__GIVEN INFORMATION__.

========================================================================

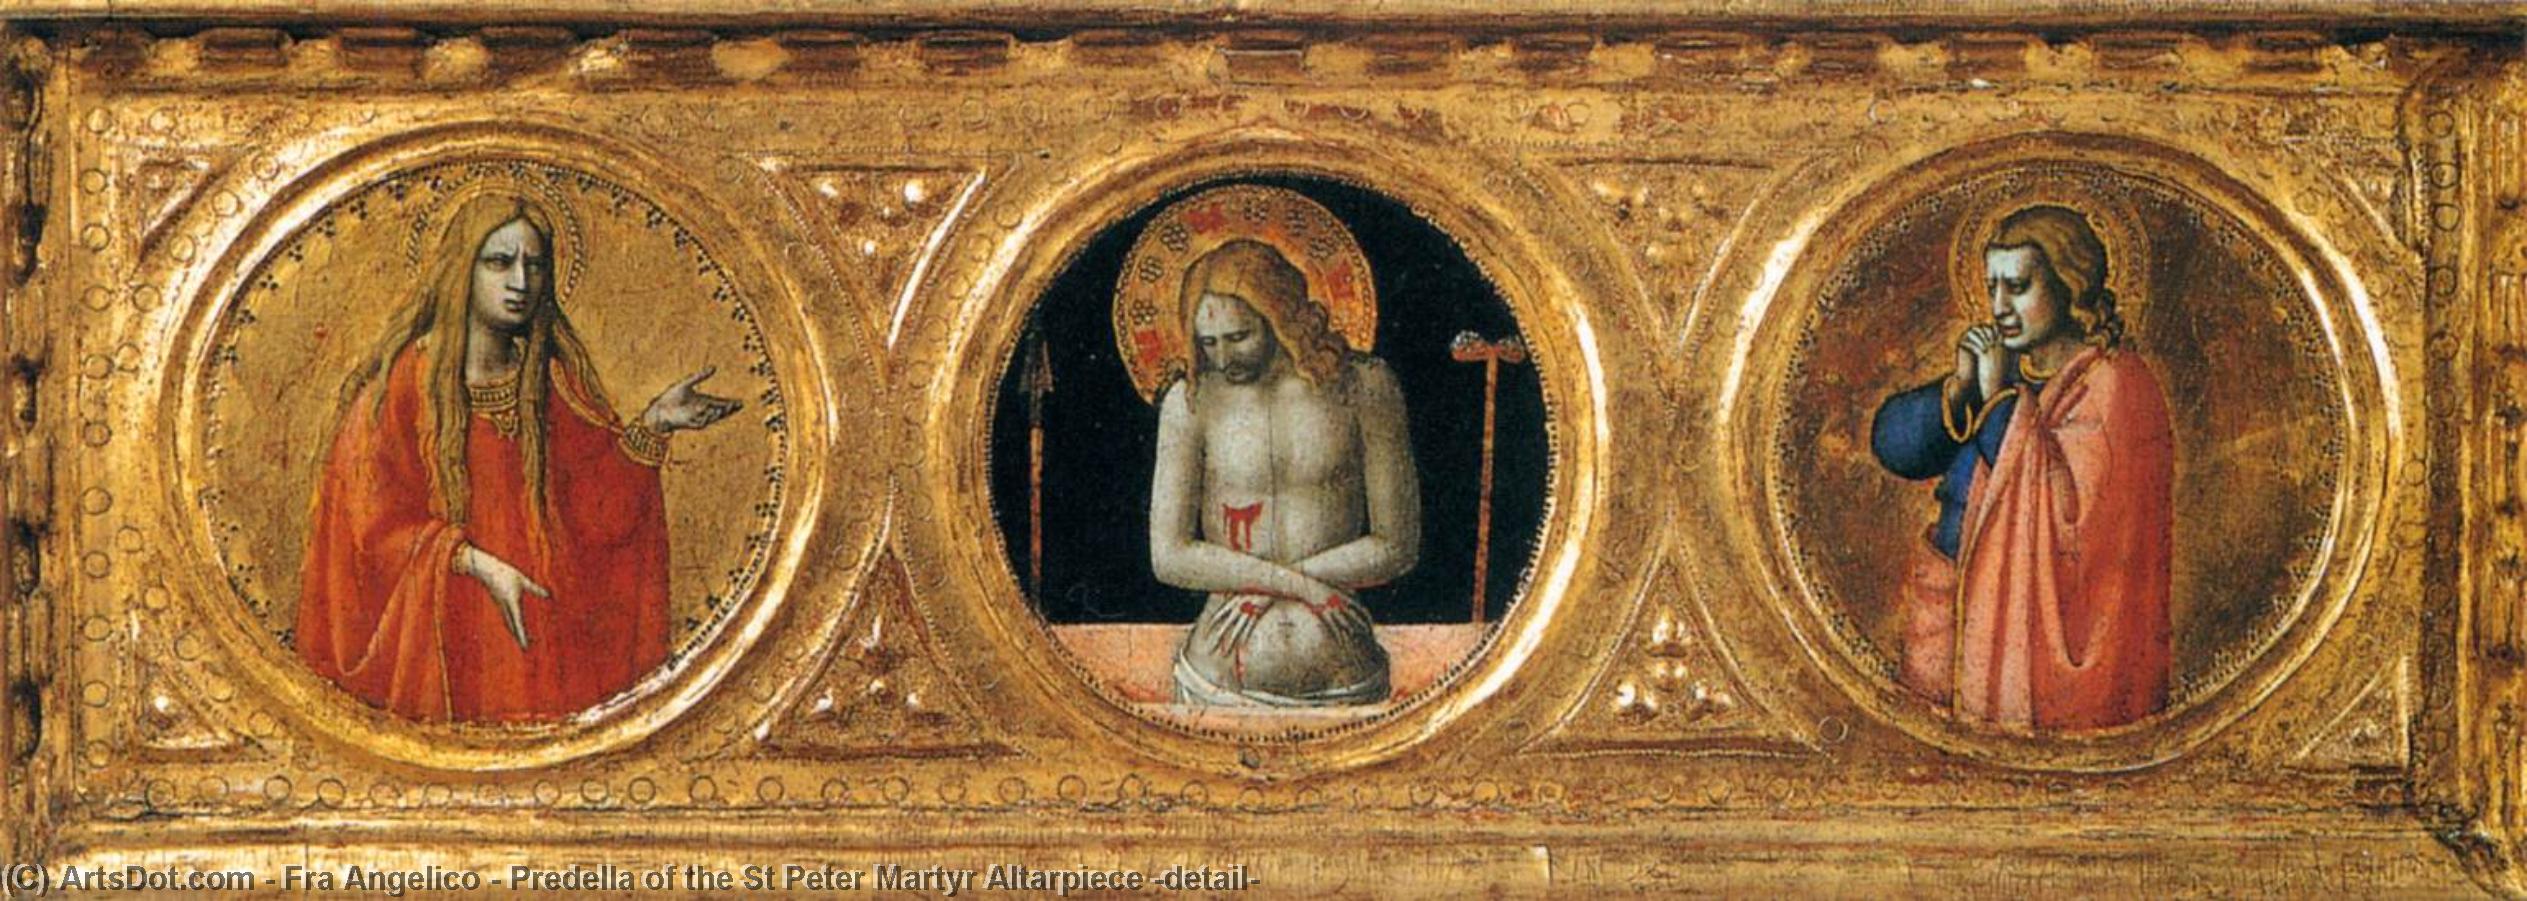 顺序 藝術再現 Predella of the St Peter Martyr Altargui (detail), 1427 通过 Fra Angelico (1395-1455, Italy) | ArtsDot.com
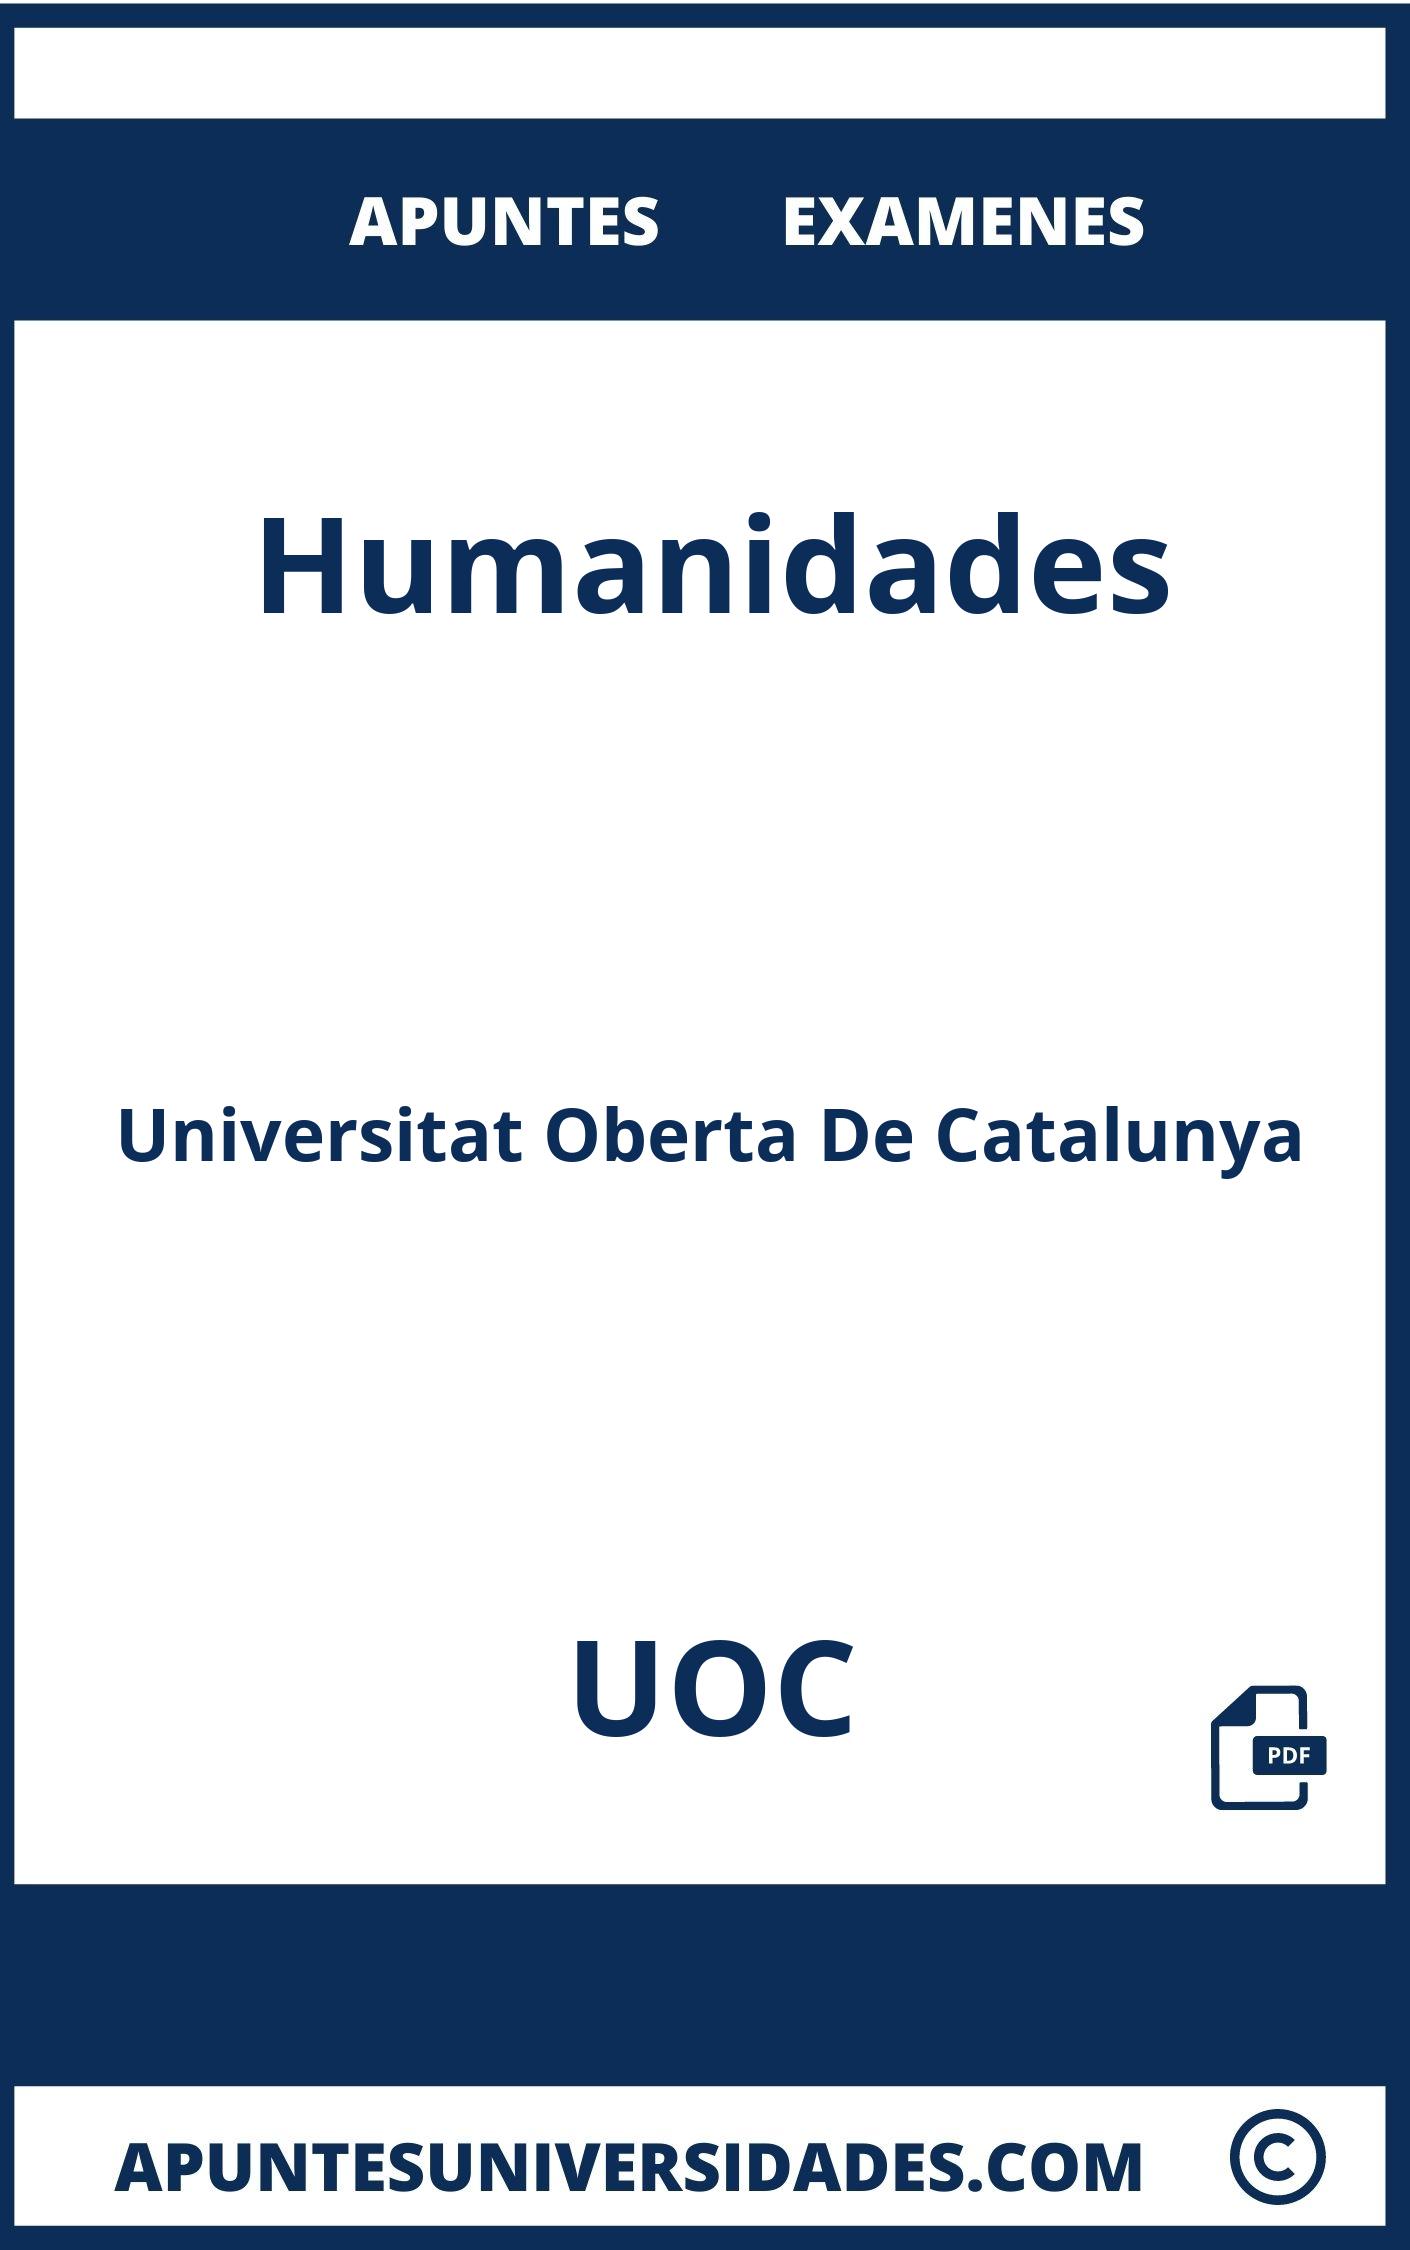 Apuntes y Examenes de Humanidades UOC
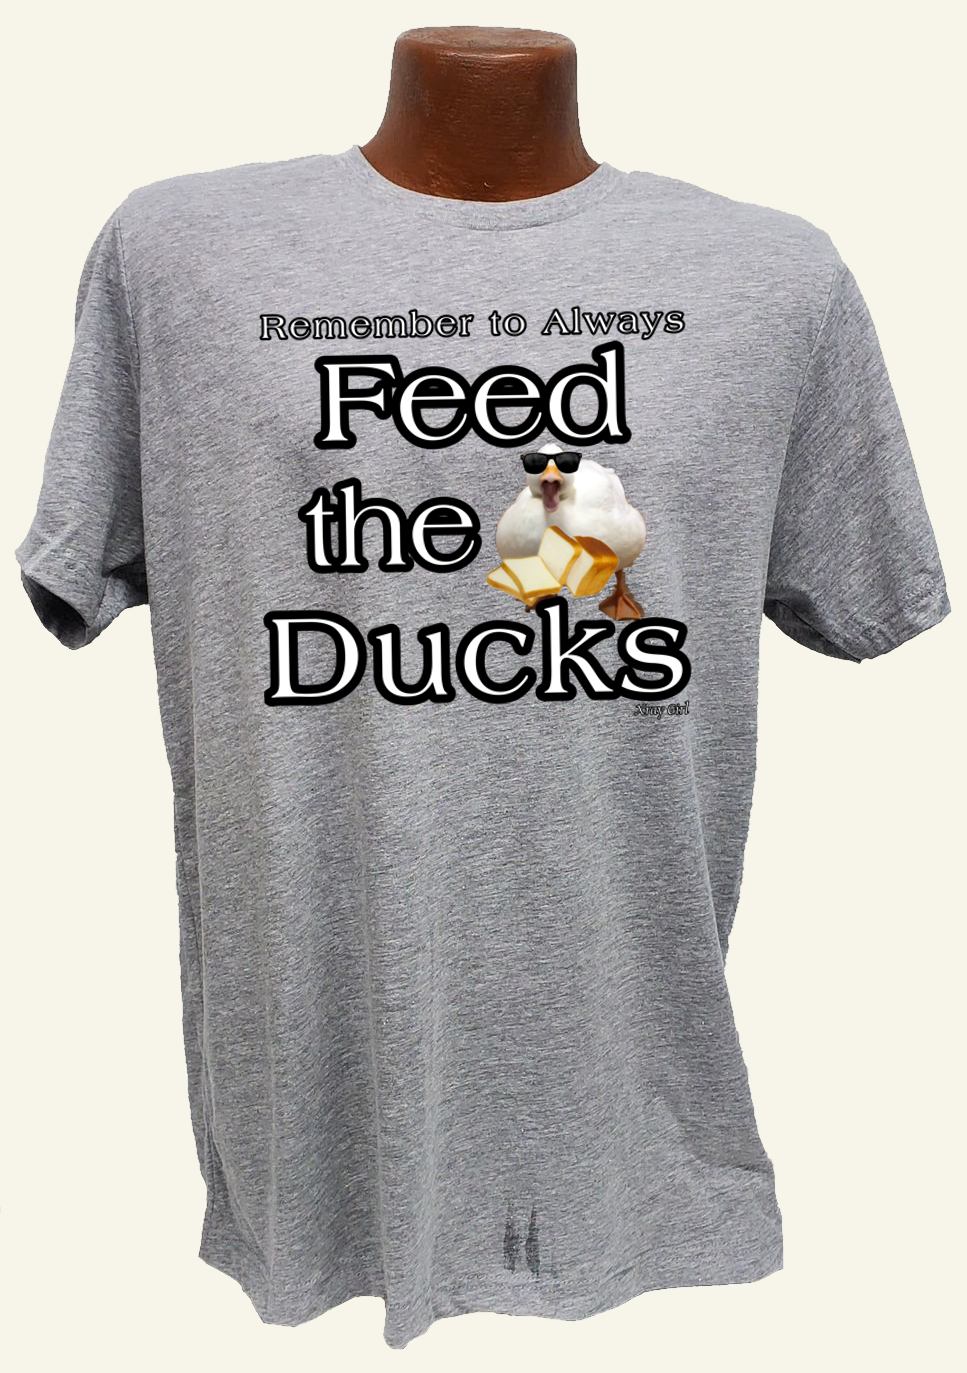 Feed the Ducks Tee

========================================================================

__WORK INSTRUCTION__. The whole listing must be transcribed exactly. No pictures belong in the copy.

__THE COMPLETED TASK__.
 顺序 藝術再現 Predella of the St Peter Martyr Altargui (detail), 1427 通过 Fra Angelico (1395-1455, Italy) | ArtsDot.com
 Apuntes y Examenes de Humanidades UOC
 Feed the Ducks Tee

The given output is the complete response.